We have a client that has received notification from a collection agency seeking reimbursement because Medicare paid primary when it should have paid secondary. The services were provided 7 years ago, however, the client's tpa was provided with the notice within the 3 year statute of limitations. Is there anyway for the client to get off the hook because the client (the employer) itself did not receive notice within the appropriate statute of limitations period?

Posted

These notices are sent out by Medicare to employers. In the ten years our health plan has been in existence the plan itself or the TPA has never received a notice, only the employer companies participating in the plan. If you look further you will probably find that the original questionnaire was sent to the employer and the employer probably forwarded to the TPA.

Guest tonjer
Posted

This was in fact the first notice received by the Client. The TPA has acknowledged that it has in fact received the prior notice and simply did not forward it on.

Posted

At some point the employer probably completed a IRS/SSA/CMS Data Match request that prompted the notice of overpayment after the information was digested by CMS. I would just give them a call.
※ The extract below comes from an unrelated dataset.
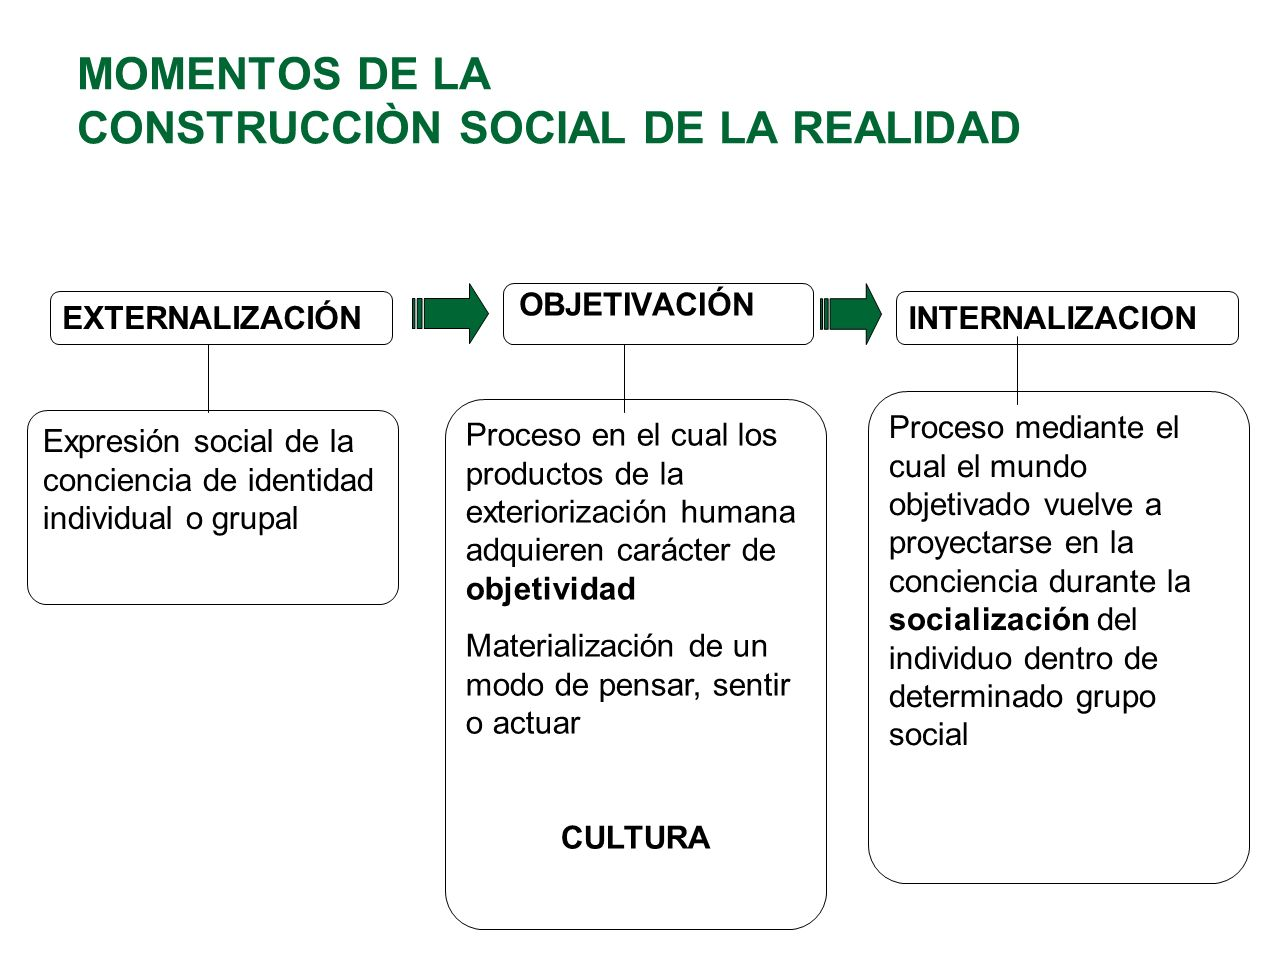 MOMENTOS DE LA CONSTRUCCIÒN SOCIAL DE LA REALIDAD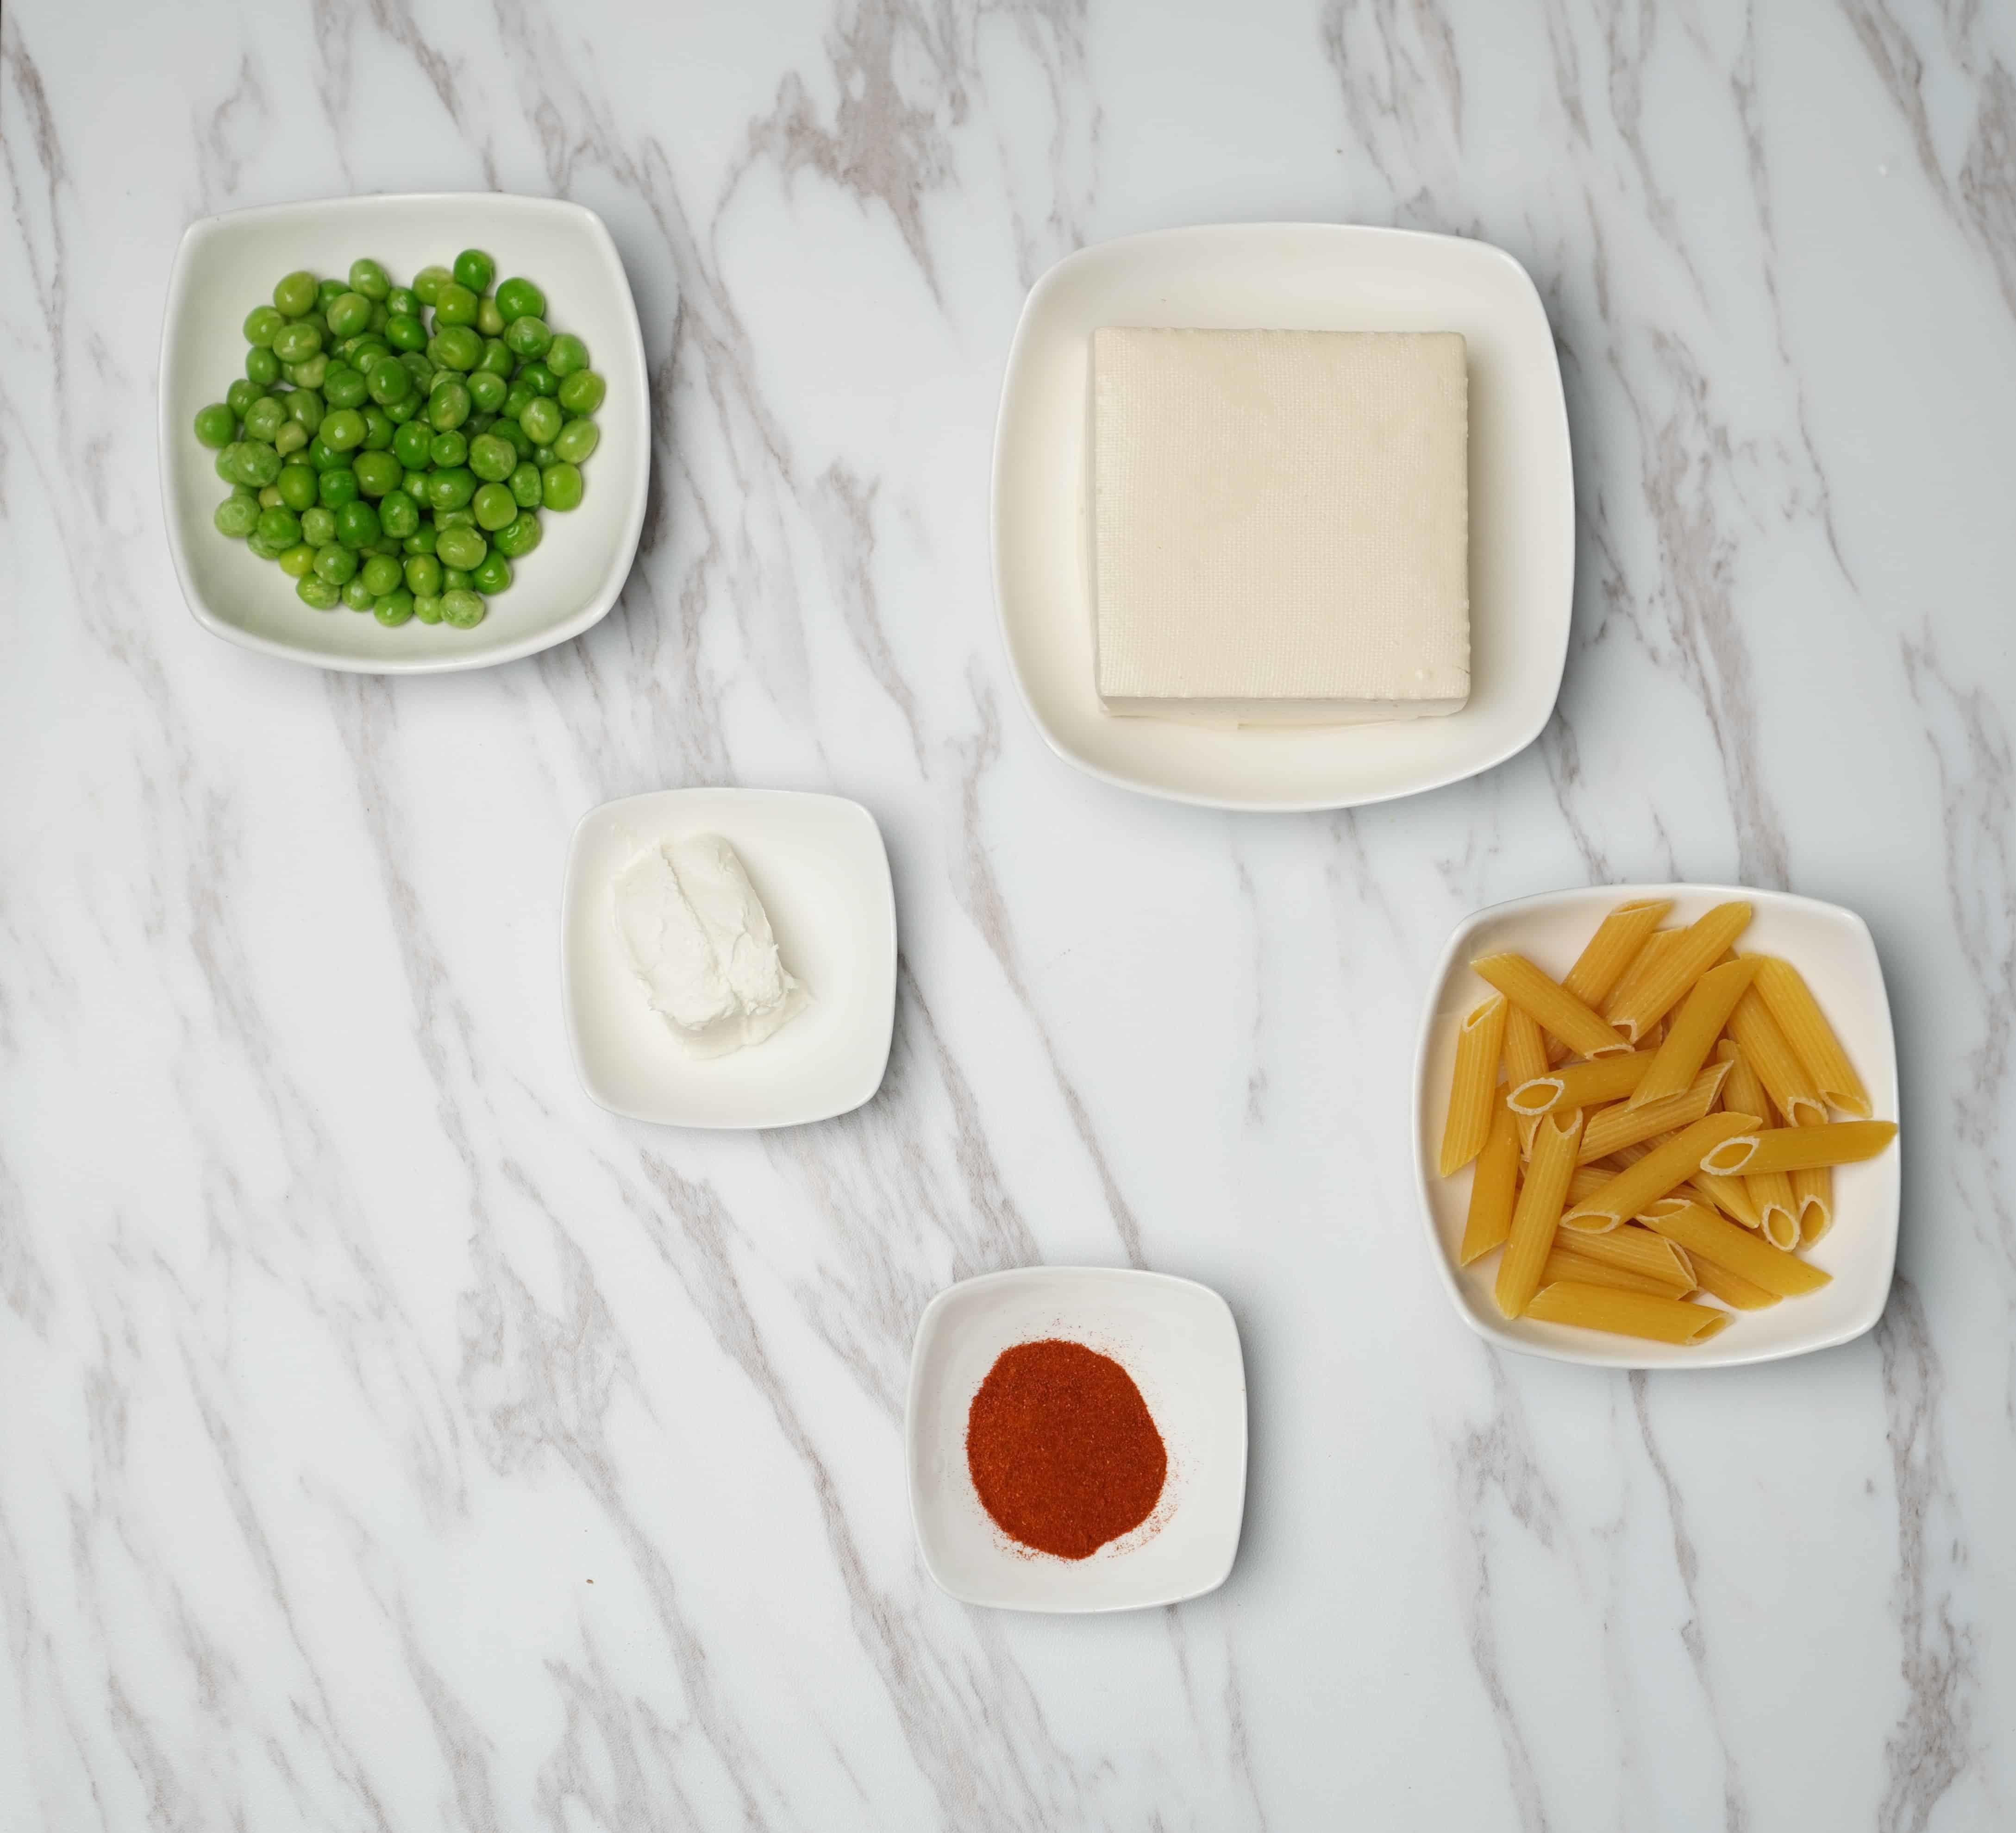 Creamy Peas & Spiced Tofu Penne (Vegetarian) - Ingredients - Cookin1

They're usually pretty accomodating in these situations if you explain the circumstances and don't ignore their letters. I've completed a slew of them this year requesting information back to plan year 1998, so I don't know if the 3 year limitation has an application here or not.

Posted

The three year limit is only on brand new, first time sent reimbursement requests. If the request had been sent to someone before, whether its a TPA, Union, plant location, home office, insurer or whoever, the three year limit does not apply. Its now considered a past due debt and the collection agencies involved are NOT accommodating or considerate.

Posted

I think both MaryC and PhilB have hit it on the head...collection agencies will give you no quarter but the CMS may be able to help you out. Since it would have been CMS sending you to collection, only they can stop it.

Can the client get off the hook? No, probably not. If client should have paid primary, it should have paid primary. But I'd sure be looking to the TPA for indemnification for charges, penalties or other costs, especially since the TPA has already admitted some culpability for not forwarding notices. And if the TPA's inaction caused client to lose its ability to contest the charges to CMS, then the TPA should pay that too.

If the TPA won't step up to the plate for their error, you need a new TPA.